For many physicians alternative/complementary medicine is a sore point, where magical thinking on the part of patients and unproven/false claims by practitioners lead to significant harm (people die or are severely injured). When it comes to AI, physicians too may risk succumbing to magical thinking and could benefit from some “critical thinking” inoculation.
The fields of alternative and complementary therapies are an irritant for many healthcare professionals. Their success relies on the human proclivity to “magical thinking”, or the projection of our hopes and desires onto a person, practice, or device when we seek remediation for some malady. In the last few years we have seen a similar rush to magical thinking around Artificial Intelligence. Indeed, one is tempted to quip that there is an emerging field of “Alternative Intelligence”, which will magically diagnose every disease and cure all the world’s ills. This year’s HIMSS show may have been peak hype for AI, everything was better with “Brand X’s AI powered products” to paraphrase numerous sales pitches. The best antidote for magical thinking is evidence based thinking. With that in mind let us examine the strengths and weaknesses of a few applications of artificial intelligence.
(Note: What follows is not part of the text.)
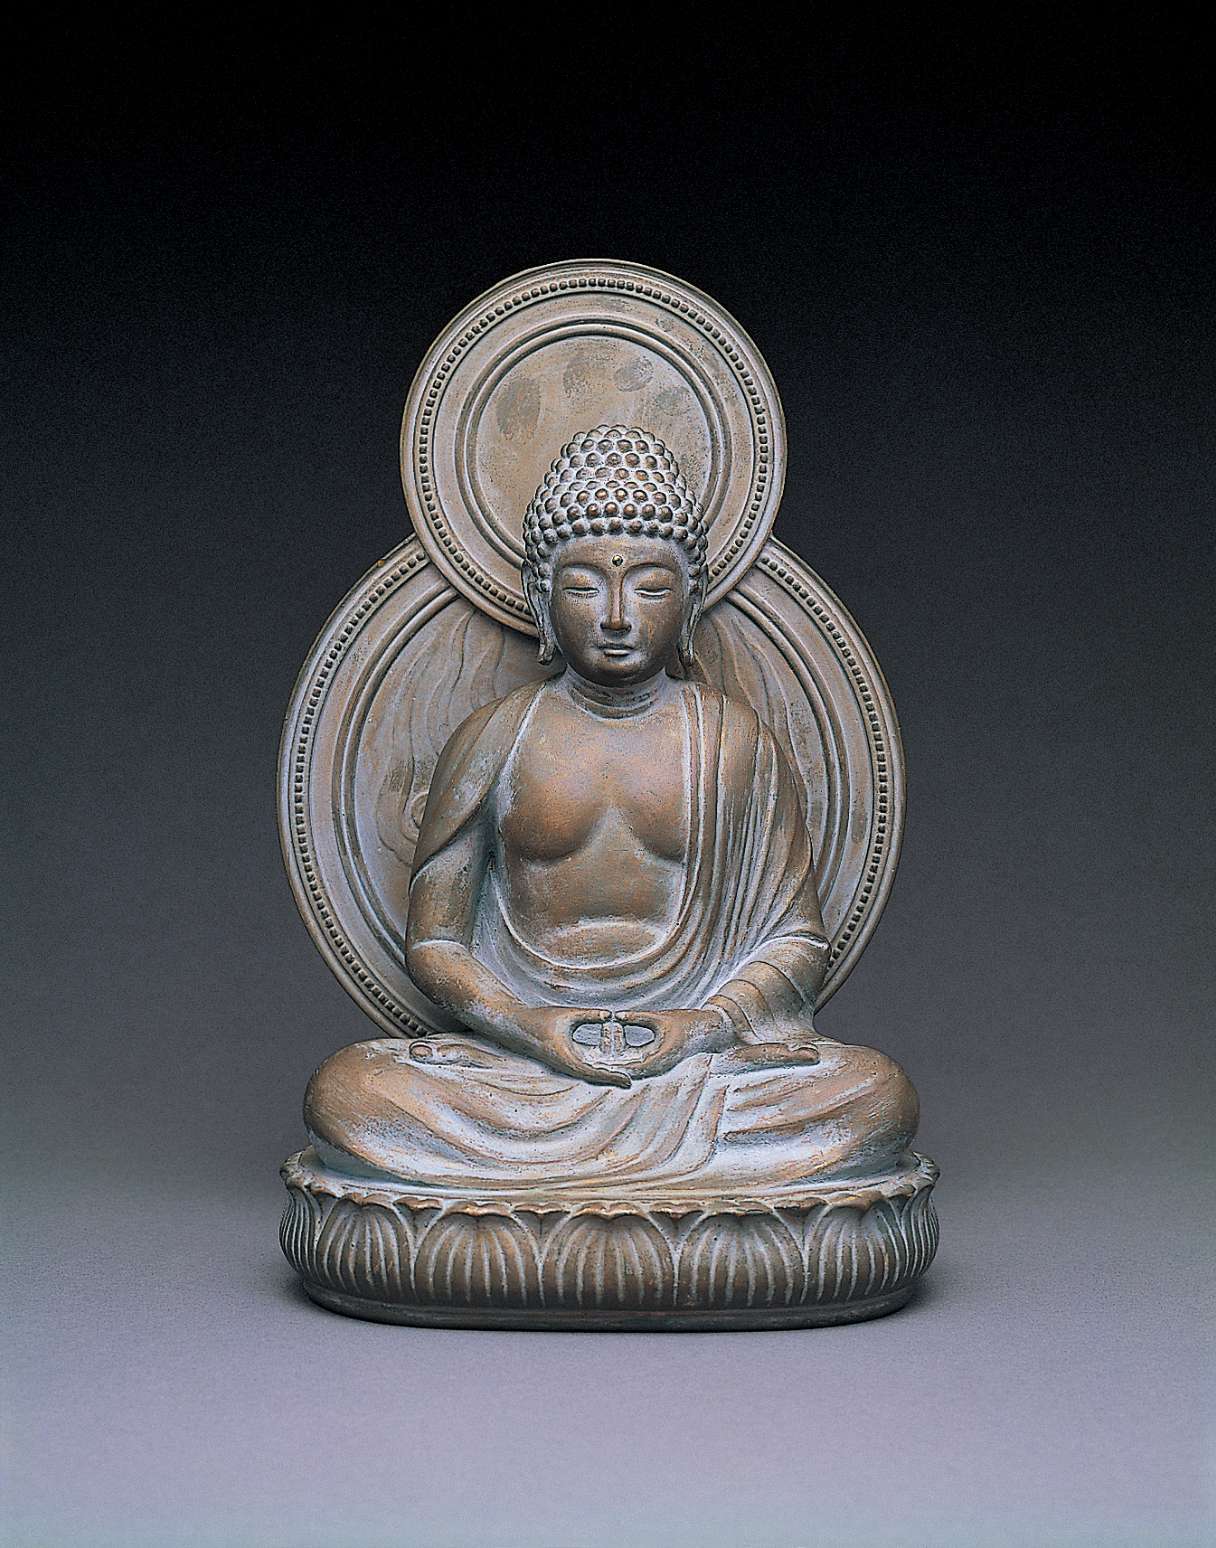 A matte, gray hued statue of a buddha seated cross-legged atop curving lotus petals, with a circular nimbus behind his body, hands in meditation. The nimbus behind the head shows some discoloration.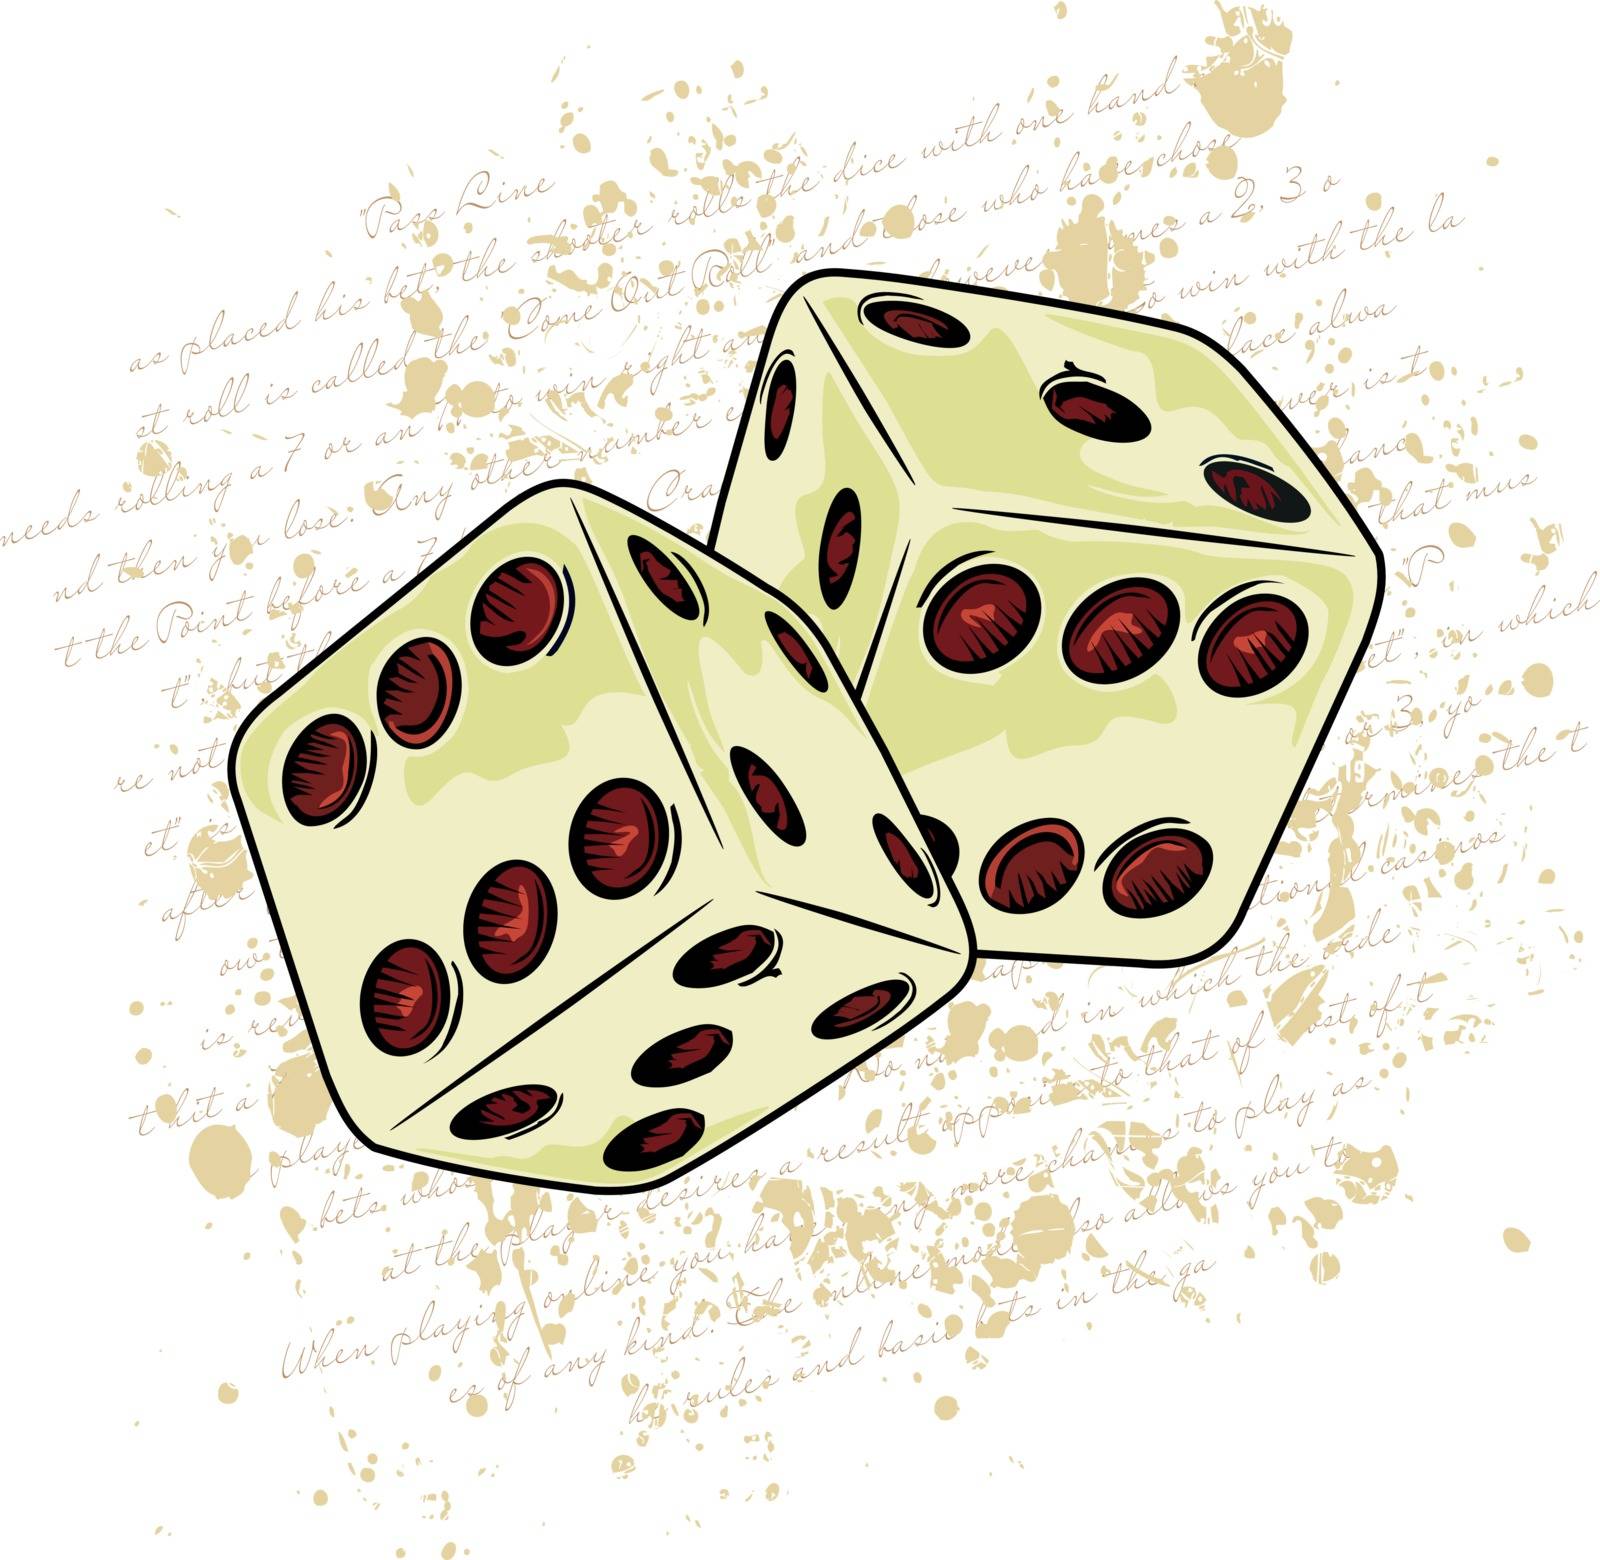 two dice with written and stains in the background

Many advances in AI have been spurred by image recognition. There are public image data sets on which researchers demonstrate their latest achievements in image classification accuracy. One classic in the field is the recognition of hand written numbers, with a practical application in Google’s Street View finding and reading of house numbers in street images. In some recent papers, researchers examined state-of-the-art image recognition neural nets and found significant shortcomings. They performed poorly when presented with silhouettes of common objects, or objects which were rotated or mildly distorted, something that humans have no trouble with. Indeed, it seems that the best nets focus on the textures of objects rather than their outlines (as humans do). An elephant shape filled with zebra stripes looks like stripy elephant to humans and like a zebra to these nets. This should give one pause about the use of neural nets in radiology. Neural nets which have been trained on hundreds of thousands of diagnostic images may not be paying attention to the same things a (human) radiologist pays attention to. If the image generation techniques change (think contrast media, signal mixes, post processing) there may be subtle changes to the image which do not affect human cognition, but cause a significant degradation of neural net performance, yet this would only come to light after enough diagnostic and treatment errors have occurred to get humans to take notice and intervene.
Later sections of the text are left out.